Jakarta, CNN Indonesia —
Space Telescope Hubble captures the phenomenon of a black hole in the middle of ‘cooking’ a nearby star to produce a given giant plasma.
A supermassive black hole 300 million light years from Earth at the core of the galaxy ESO 583-G004 appears to entangle and tear the star apart after it gets too close.
This phenomenon sends out strong ultraviolet light that astronomers use to find these locations.
The black hole’s immense gravity exerts strong tidal forces on the star. The closer to the belly of the black hole, the more the star area is affected by the black hole’s gravity.

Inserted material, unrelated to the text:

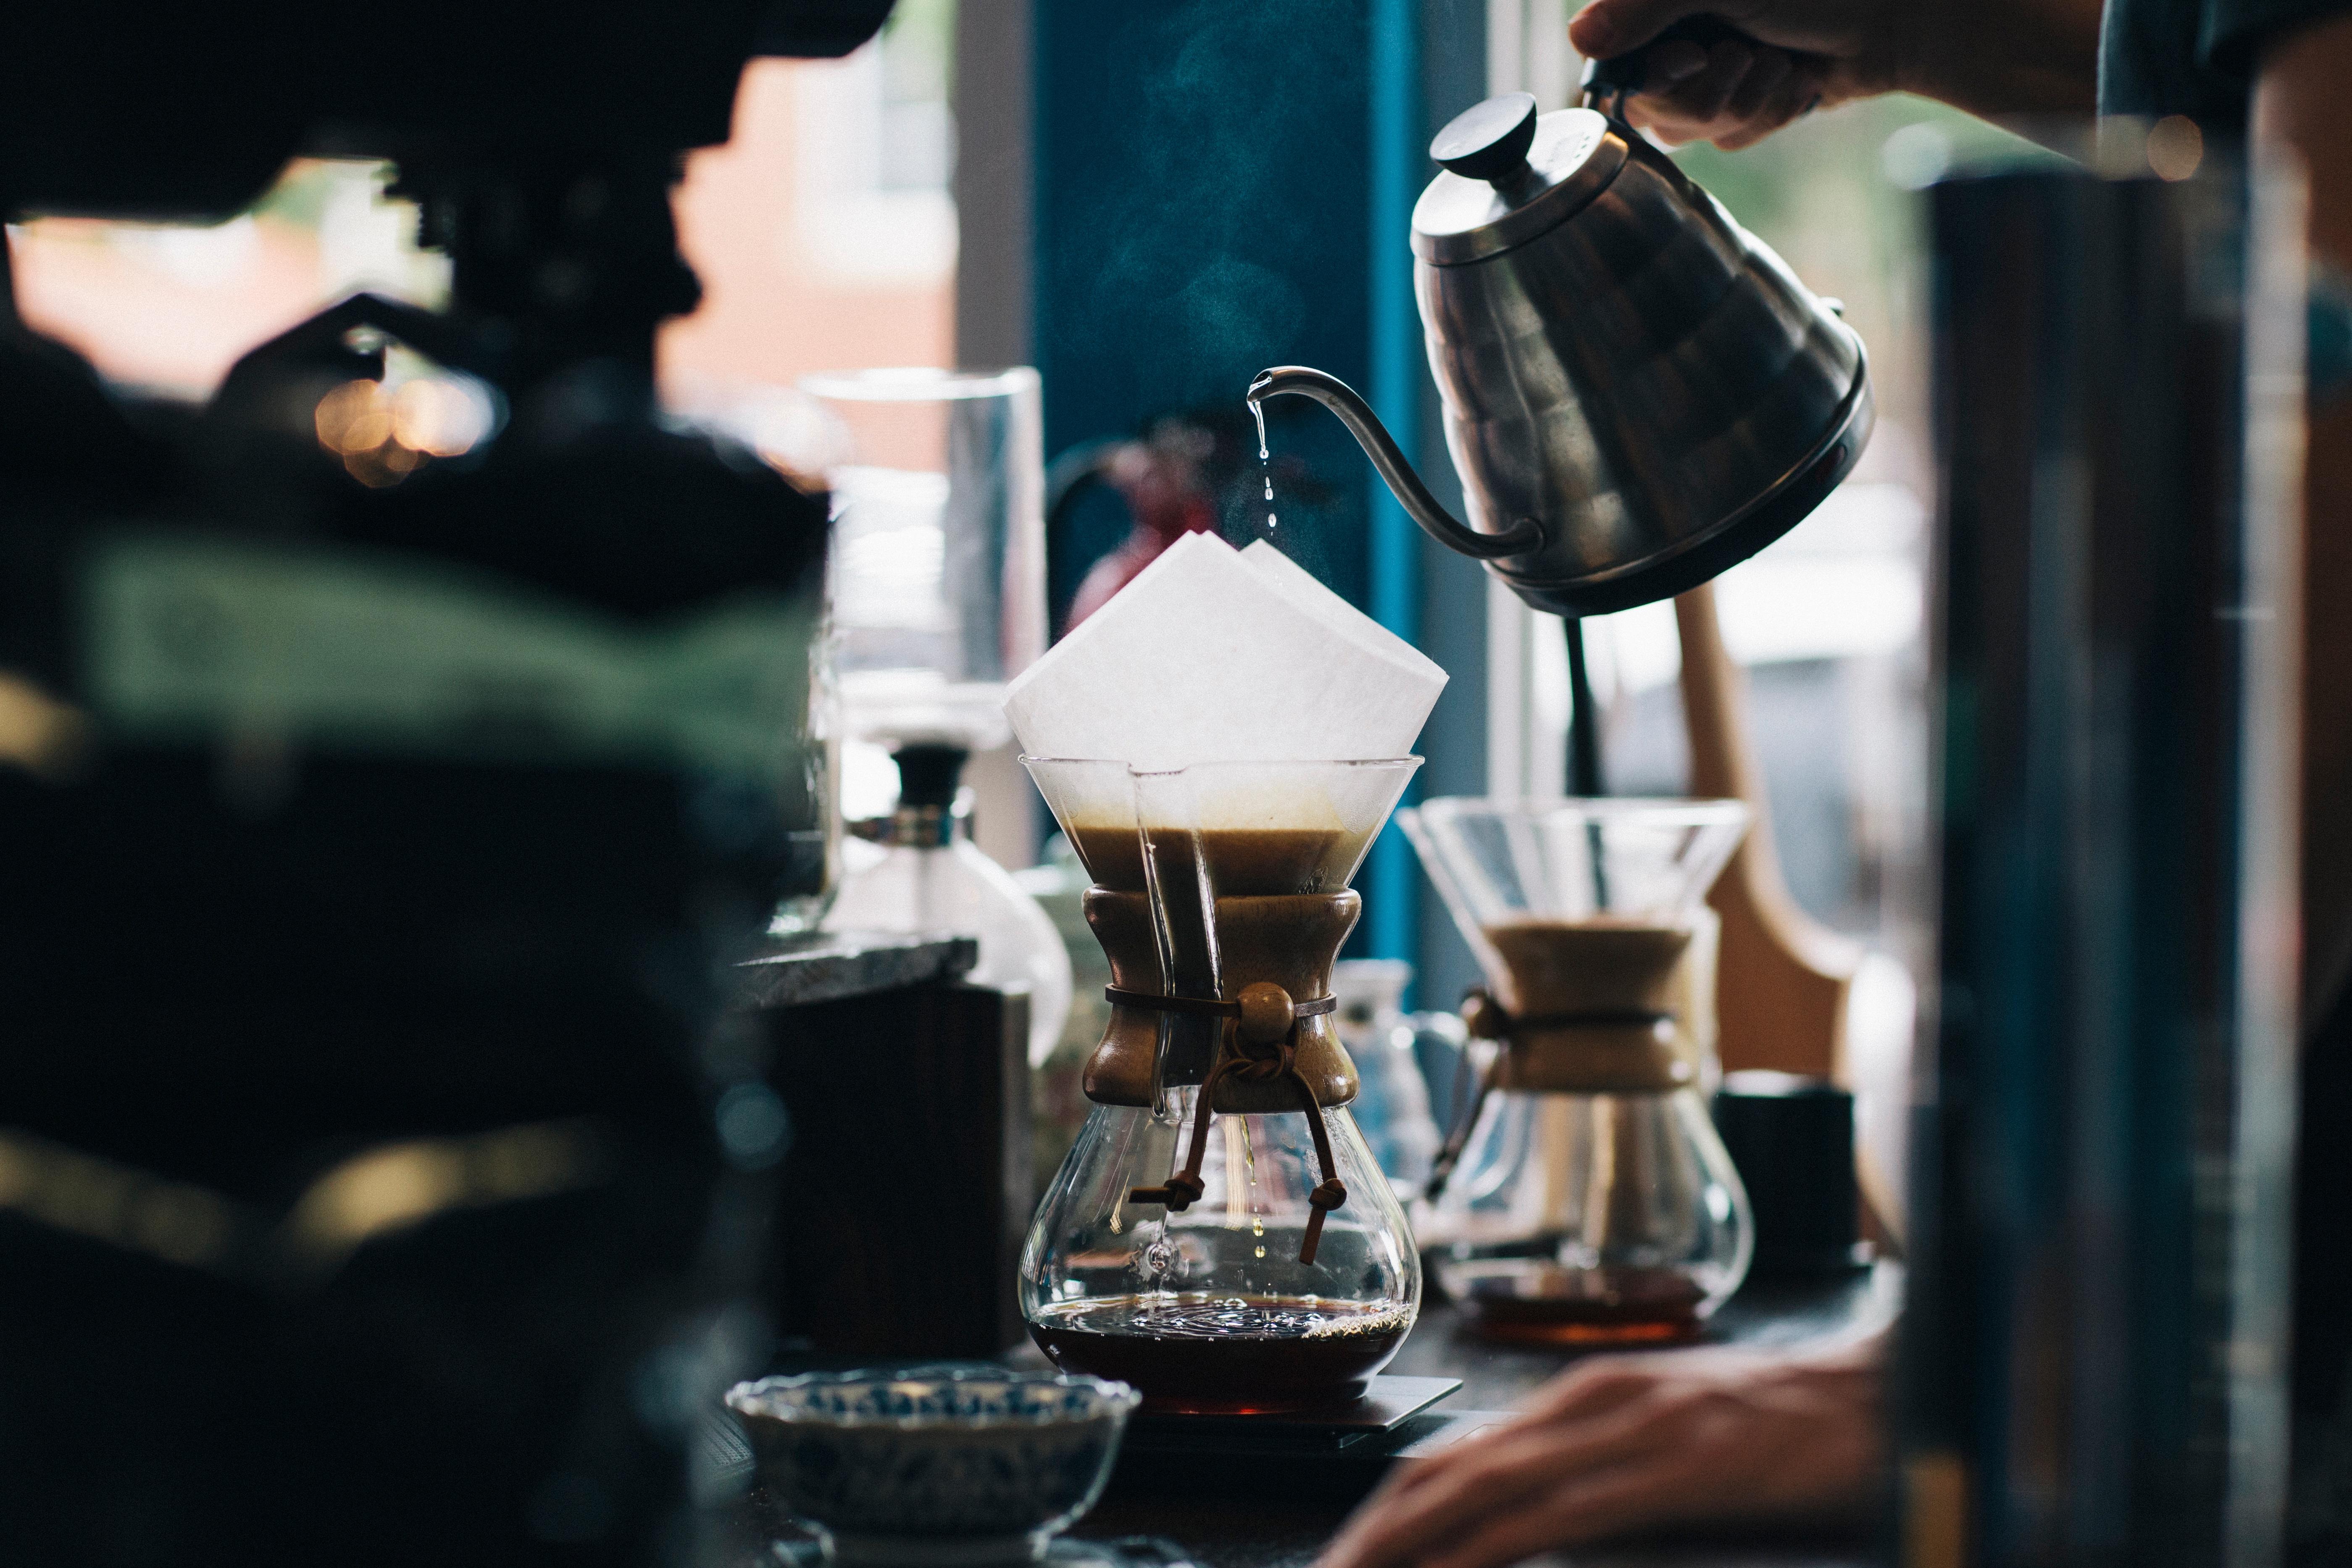 ヤカンではなく、ケトルがコーヒー用のイメージ

Reported LiveScience, this disparity, aka gravitational gap, rolls stars into long ropes like noodles wrapped around a black hole layer by layer. This phenomenon can be likened to spaghetti rolled by a fork or as it is popularly called spaghettification.
This gives a dramatic picture of the process. The outer atmosphere of the star is stripped first. The stellar matter then surrounds the black hole to form a tight ball of threads. The remaining part of the star immediately follows, accelerating around the black hole.
This hot plasma donut rapidly accelerates around the black hole and spirals into a colossal beam of energy and matter. This produces a distinctive bright flash that can be detected by a variety of telescopes, from optical telescopes to X-rays to radio waves.
The extraordinary brightness of these black hole devouring sessions allows astronomers to study them for longer periods of time than usual.
The researchers say these observations may yield exciting new insights into the unfortunate star’s final hours.
“We’re looking somewhere on the edge of the donut,” said Peter Maksym, an astronomer at the Harvard-Smithsonian Center for Astrophysics. NASA.
“We saw the stellar wind from the black hole sweeping across the surface projected towards us at 20 million miles per hour (three percent the speed of light). We are really still focusing on the event,” he added.